RSV Vaccine Triggers Strong Immune Response in People Aged 60 and Older

A phase 3 randomized controlled trial has shown that the RSV vaccine “triggered strong immune responses among people aged 60 years and older during its first two seasons for use.” CIDRAP has the news.

For the RENOIR (RSV Vaccine Efficacy Study in Older Adults Immunized against RSV Disease) study, a research team “randomly assigned a subset of participants in the United States and Japan in a 1:1 ratio to receive one dose of Pfizer's bivalent (two-strain) RSV Prefusion F (RSVpreF) vaccine or a placebo. The respiratory syncytial virus (RSV) vaccine triggered strong immune responses among people aged 60 years and older during its first two seasons for use.”
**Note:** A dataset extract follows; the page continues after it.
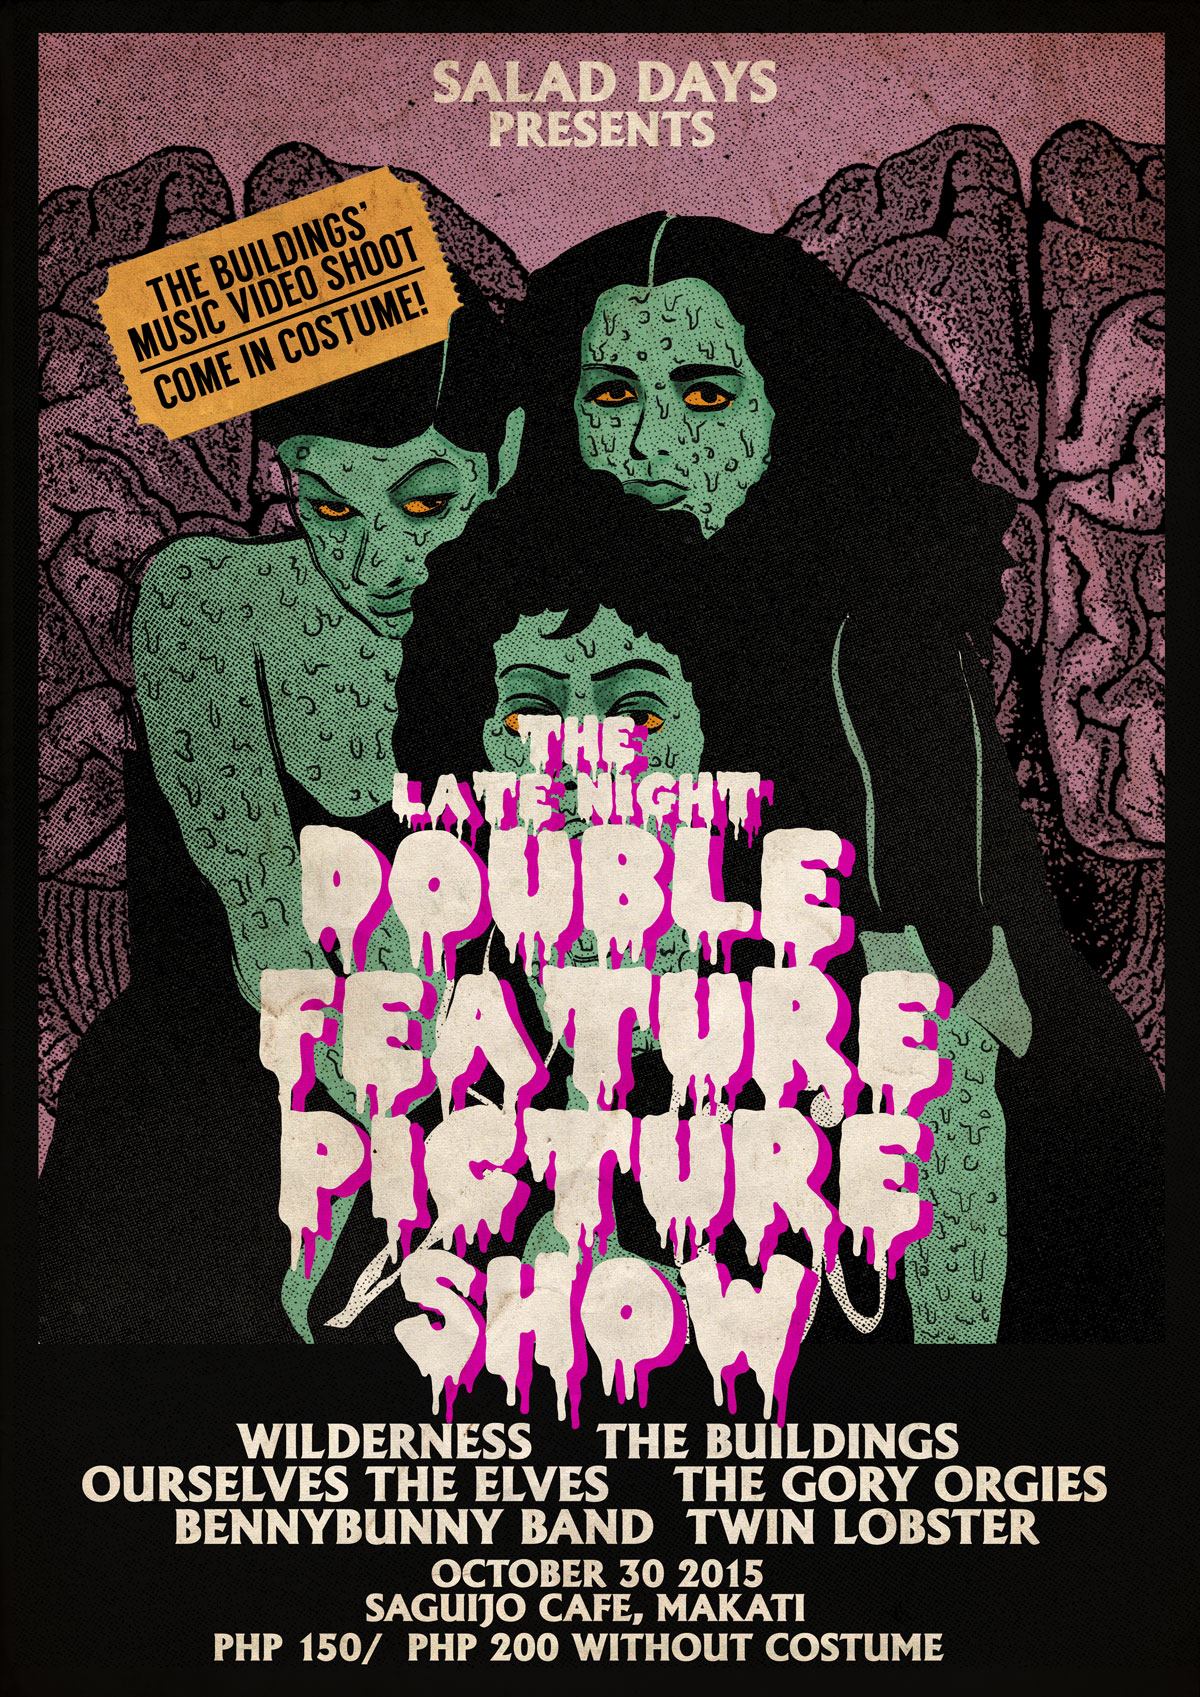 SALAD DAYS PRESENTS: THE LATE NIGHT DOUBLE FEATURE PICTURE SHOW HALLOWEEN PARTY! Friday, October 30 at 9:00pm Next Week · 89°F / 75°F Clear Show Map saGuijo Cafe + Bar Events 7612 Guijo Street, San Antonio Village, 1203 Makati, Philippines Janet! Dr. Scott! Janet! Brad! Rocky! Janet! Dr. Scott! Janet! Brad! Rocky! Janet! Dr. Scott! Janet! Brad! Rocky! Janet! Dr. Scott! Janet! Brad! Rocky! Janet! Dr. Scott! Janet! Brad! Rocky! Oh, do you wanna go? To THE LATE NIGHT DOUBLE FEATURE PICTURE SHOW Presented by Salad Days featurning Wilderness Twin Lobster Ourselves the Elves The Gory Orgies The Buildings BennyBunnyBand P150 with costume P200 without costume 9pm SEE YA THERE!!! Poster by Jonah Garcia --- The Buildings will also be shooting a music video and you can be part of it if you want to! More details soon.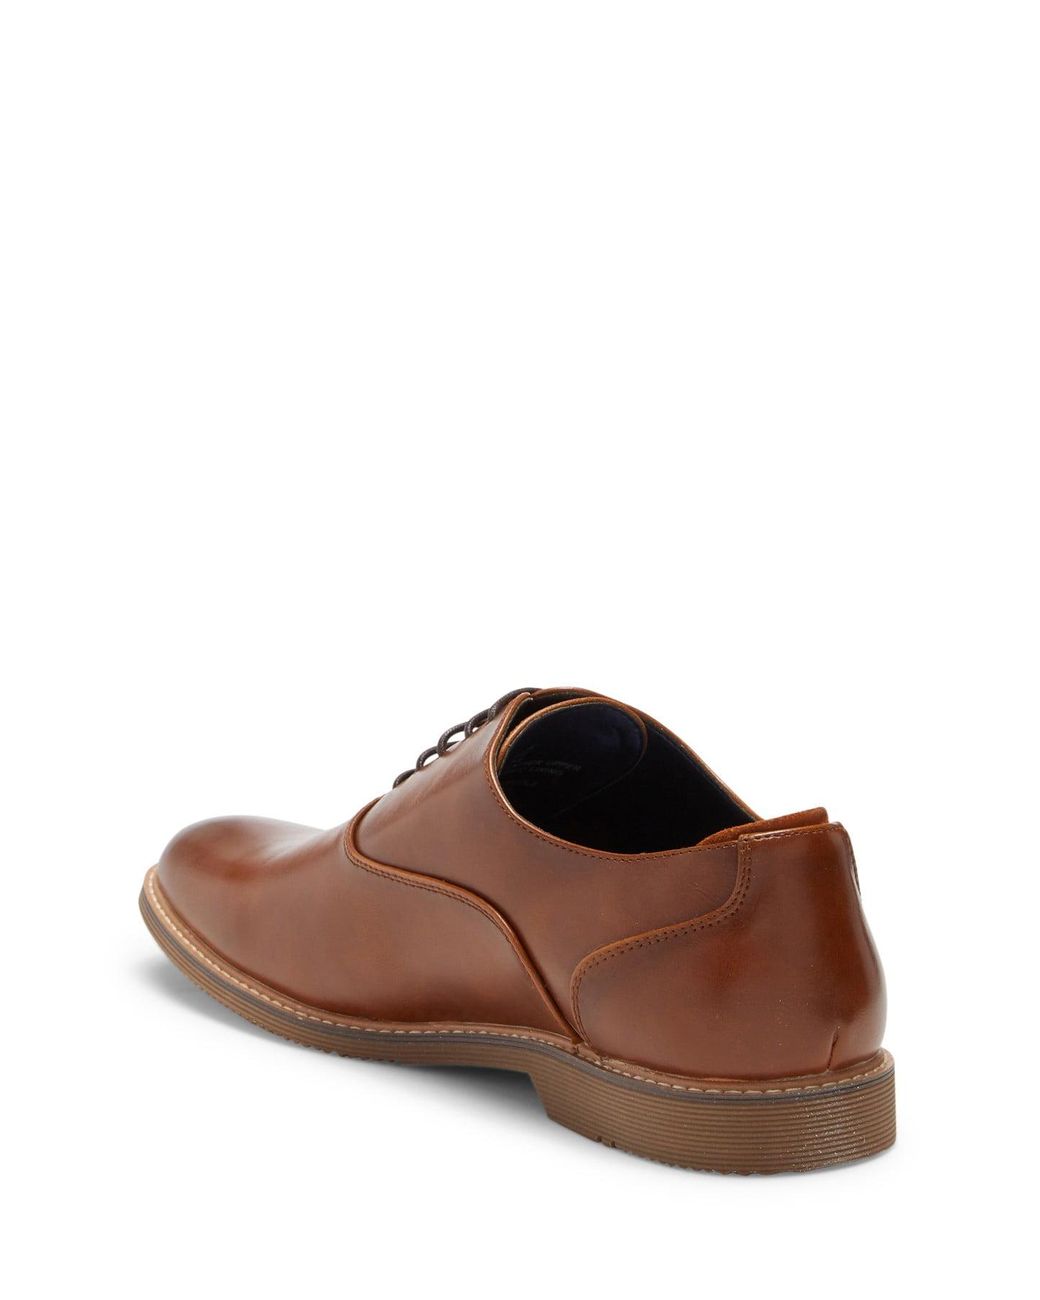 Steve Madden Ollie Leather Oxford in

The vaccine, which is sold under the brand name Abrysvo, “contains molecules called antigens designed to produce an immune response against RSV-A and RSV-B. It is approved for preventing RSV infection in adults aged 60 years and older, those aged 18 to 59 at increased risk for severe illness, and infants through maternal vaccination.”

In the RSVpreF group, “proportions of participants with immune responses were higher 1-month postvaccination…than at the preseason-2 visit” and “much higher than placebo.” RSV-A and -B GMFRs (geometric mean fold rise) in participants with selected chronic conditions were generally comparable to those of their otherwise healthy peers (range, 11.4 to 14.4). The vaccine also showed a favorable safety profile during both seasons, with 6.2% of RSVpreF and 6.1% of those in the placebo group reporting a serious adverse event.”